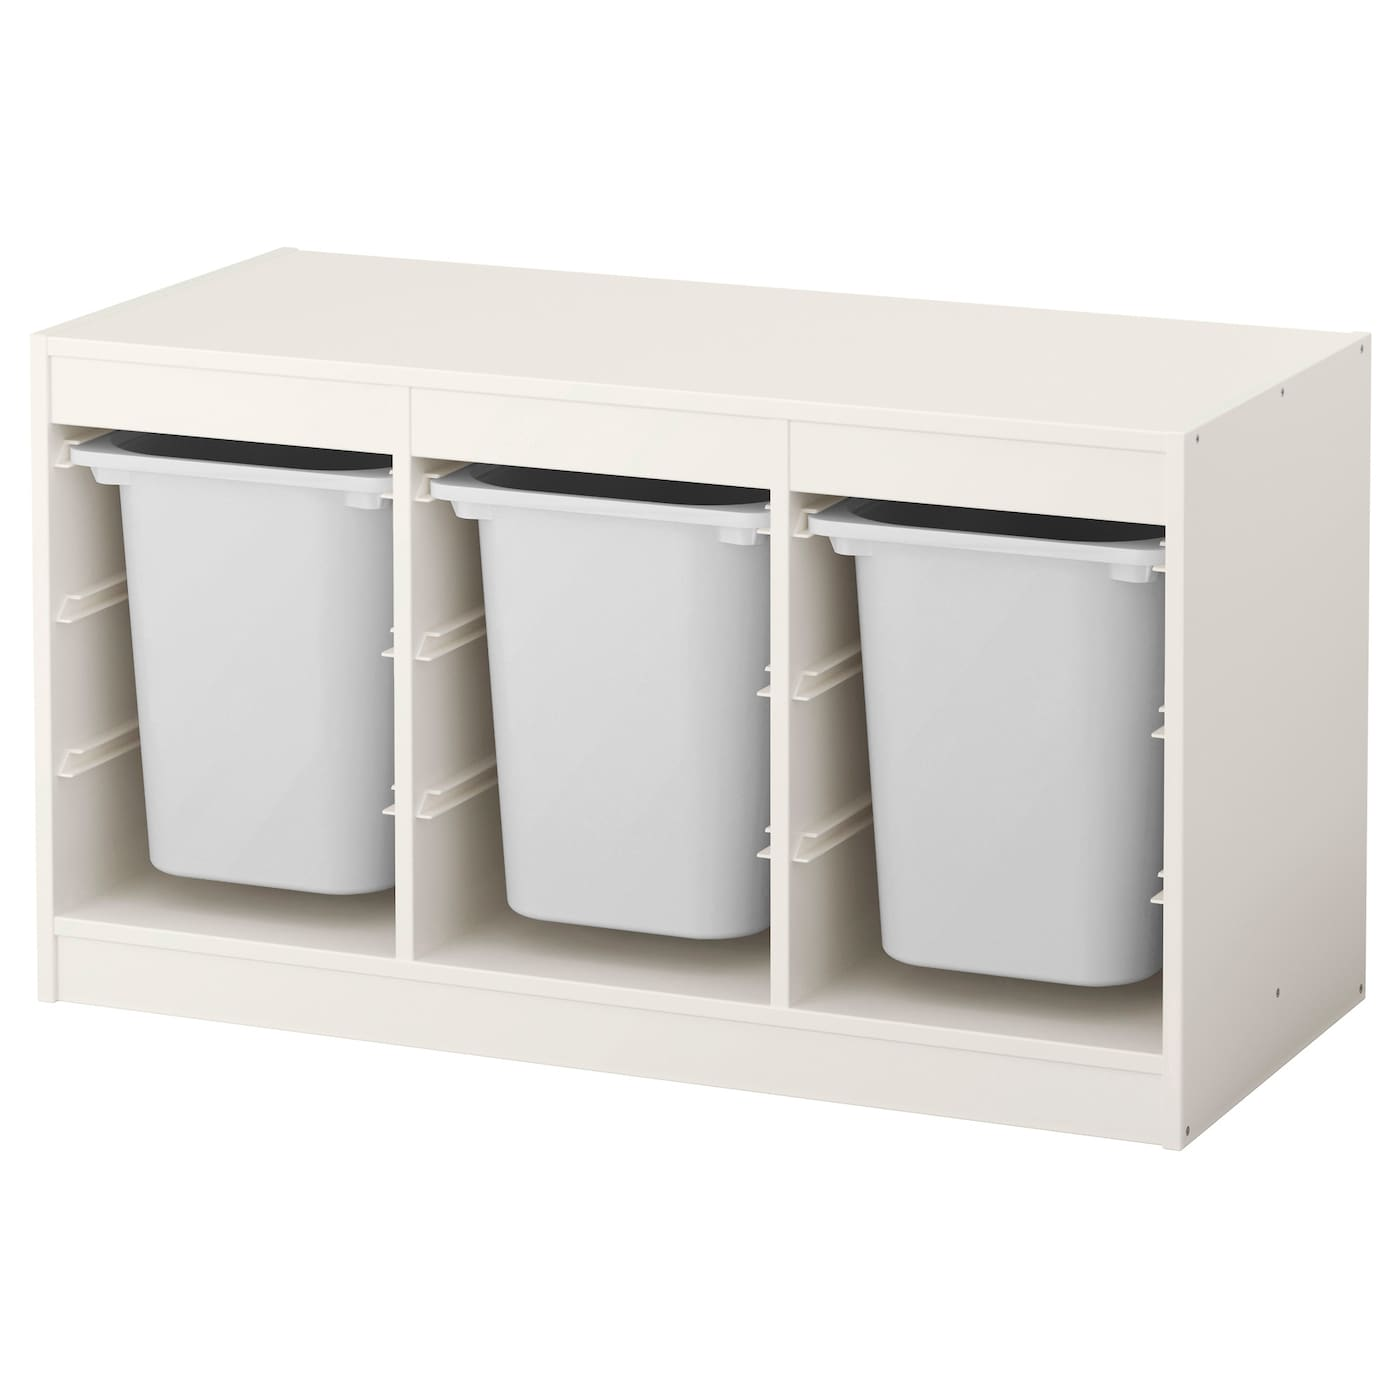 Trofast rangements jouets combinaisons ikea - Ikea heure d ouverture ...
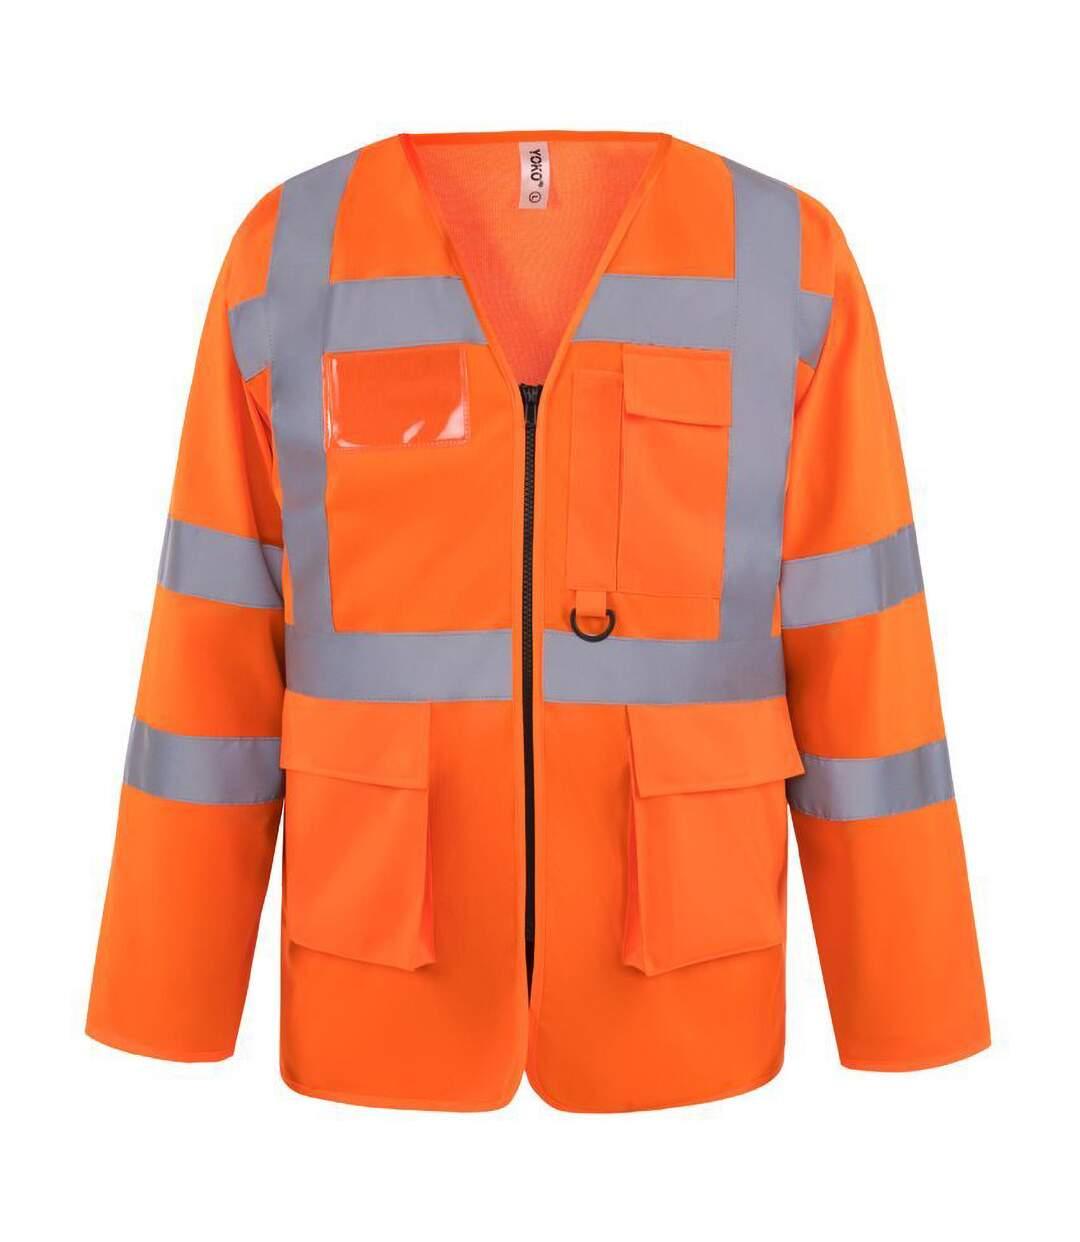 Yoko Mens Executive Hi-Vis Long Sleeve Safety Waistcoat (Pack of 2) (Hi Vis Orange) - UTBC4397
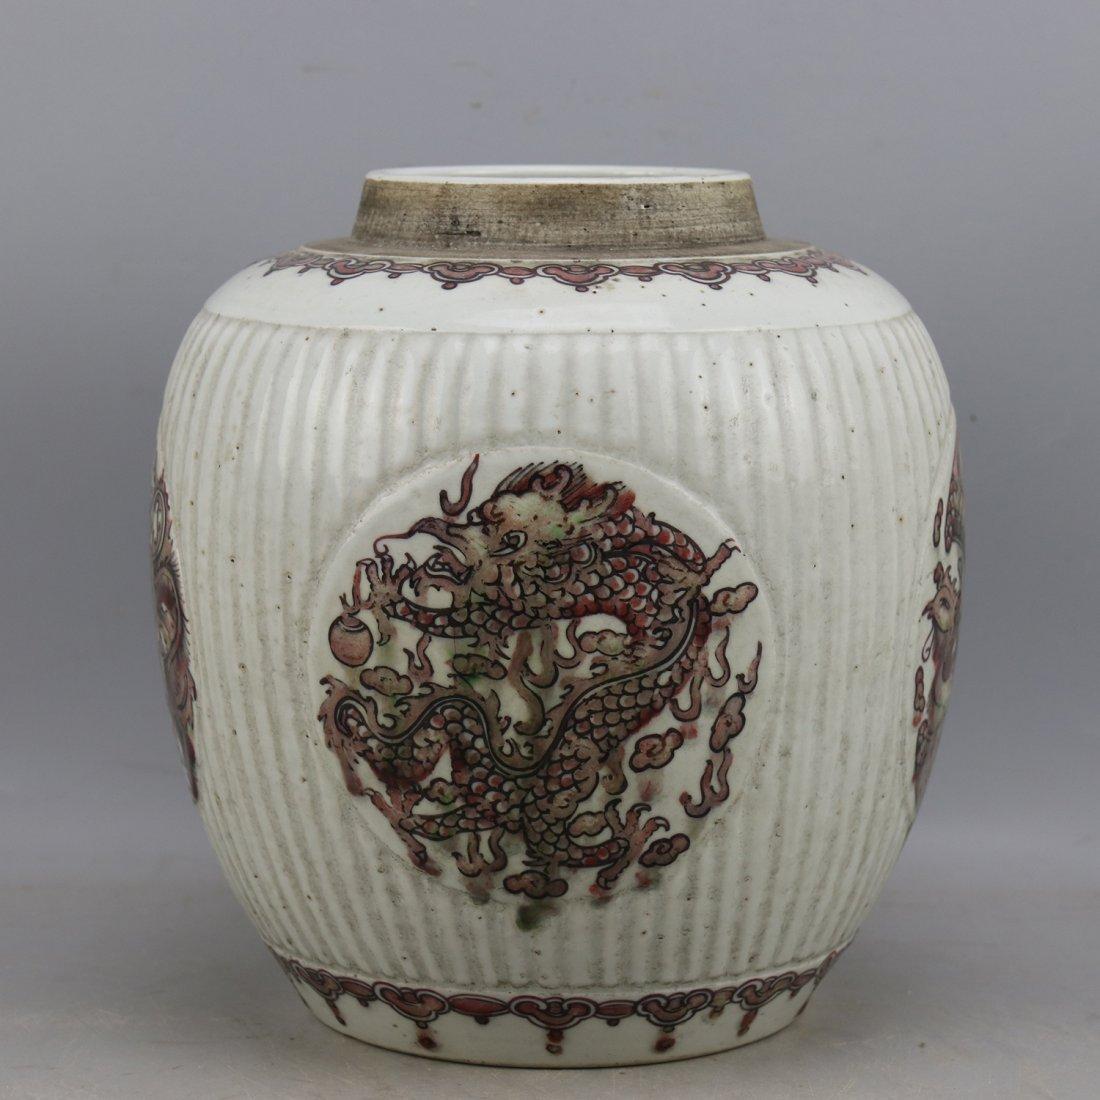 Chinese Underglaze red Porcelain Jar
☆ ☆ ☆ ☆ ☆ ☆ ☆
## WHAT YOU NEED TO DO
Exclude every image and return the material above exactly.

## RESULT OF THE EXERCISE
 Trofast rangements jouets combinaisons ikea - Ikea heure d ouverture ...
 Yoko Mens Executive Hi-Vis Long Sleeve Safety Waistcoat (Pack of 2) (Hi Vis Orange) - UTBC4397
 Chinese Underglaze red Porcelain Jar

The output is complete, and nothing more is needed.